Siri, Google Now, or Cortana are more like slow and cumbersome command line interfaces than actual AIs or deep learning or whatever – they’re just a shell to a very limited number of commands, a number of commands they can barely process as it is due to the terrible speech recognition.
Language is incredibly hard. I don’t think most people fully realise just how complex language can be. Back when I still had a job in a local hardware store in my area and I spent several days a week among people who spoke the local dialect, my friends from towns only mere kilometres away couldn’t understand me if I went full local on them. I didn’t actually speak the full dialect – but growing up here and working with people in a store every day had a huge effect on the pronunciation of my Dutch, to the point where friends from out of town had no idea what I was talking about, even though we were speaking the same language and I wasn’t using any special or strange words.
That breadth of pronunciation within the same language is incredibly hard to deal with for computers.

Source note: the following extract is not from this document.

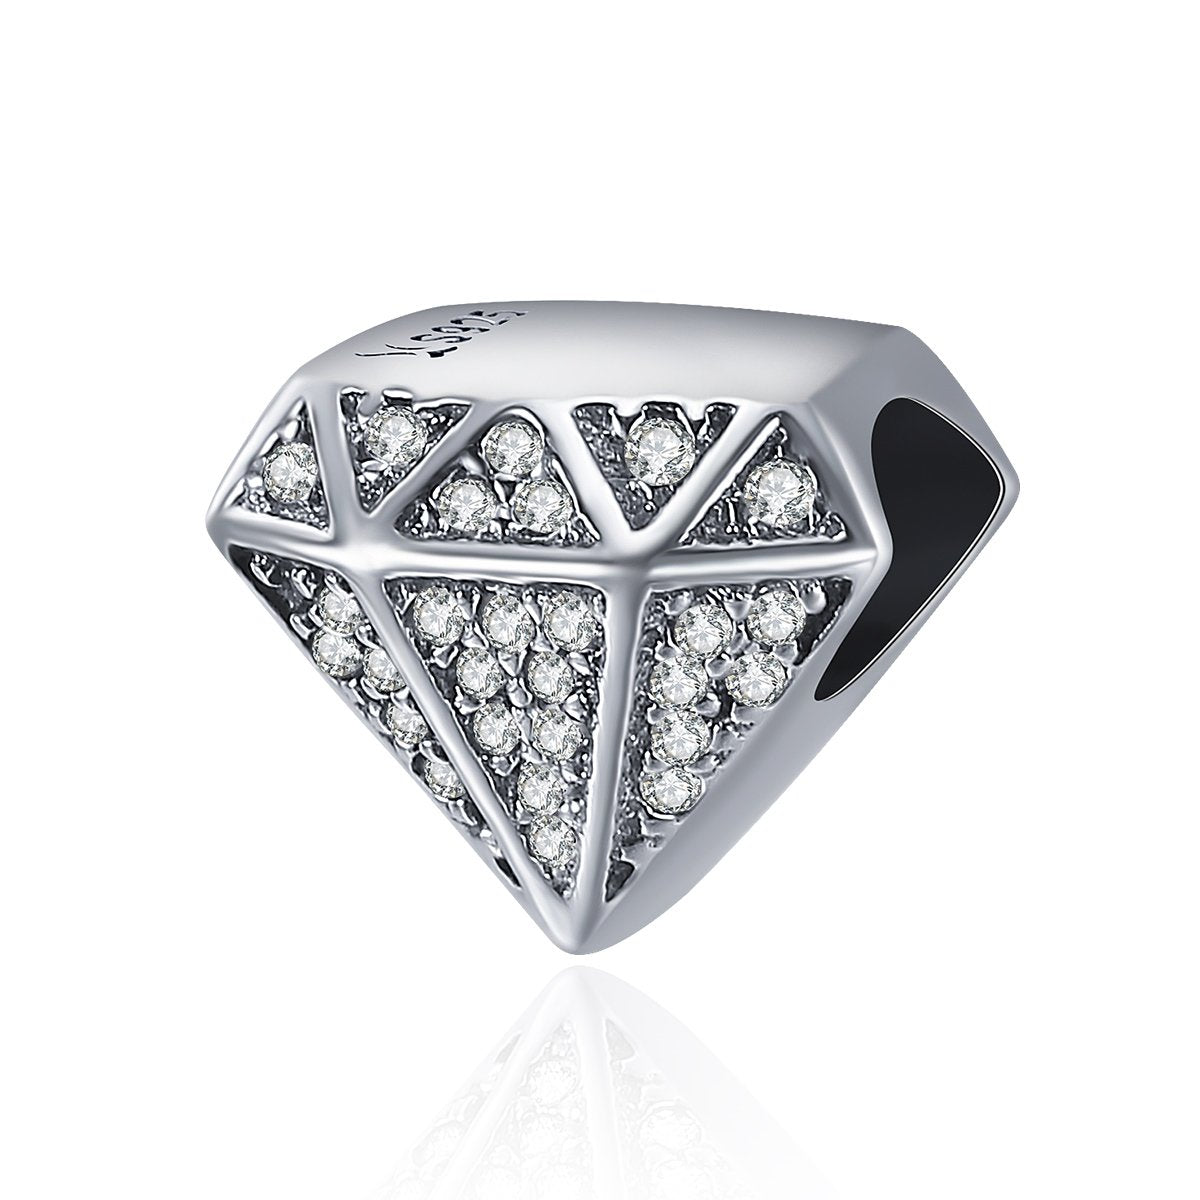 Sterling 925 silver charm the DIAMOND bead pendant fits Pandora charm and European charm bracelet Xaxe.com

Even though my town and the next town over are only about 1-2 kilometres apart, there’s a distinct pronunciation difference with some words if you listen carefully to longtime residents of either town. It’s relatively elementary to program a computer to recognise Standard Dutch with perfect AN pronunciation (which I can actually do if I try; my mother, who is from the area where Standard Dutch is from, speaks it naturally), but any minor variation in pronunciation or even voice can trip them all up – let alone accents, dialects, or local proverbs or fixed expressions.
The question is, then, one that we have discussed before in my article on Palm and Palm OS:
There are several key takeaways from Dimond’s Stylator project, the most important of which is that it touches upon a crucial aspect of the implementation of handwriting recognition: do you create a system that tries to recognise handwriting, no matter whose handwriting it is – or, alternatively, do you ask that users learn a specific handwriting that is easier for the system to recognise? This would prove to be a question critical to Palm’s success (but it’ll be a while before we get to that!).
If speech recognition is going to keep sucking as much as it does, today’s engineers either have to brute-force it – throw tons of power at the problem – or ask of their users that they speak Standard Dutch or whatever it’s called for your language when talking to their computers.
I’m not optimistic for the coming 10-20 years.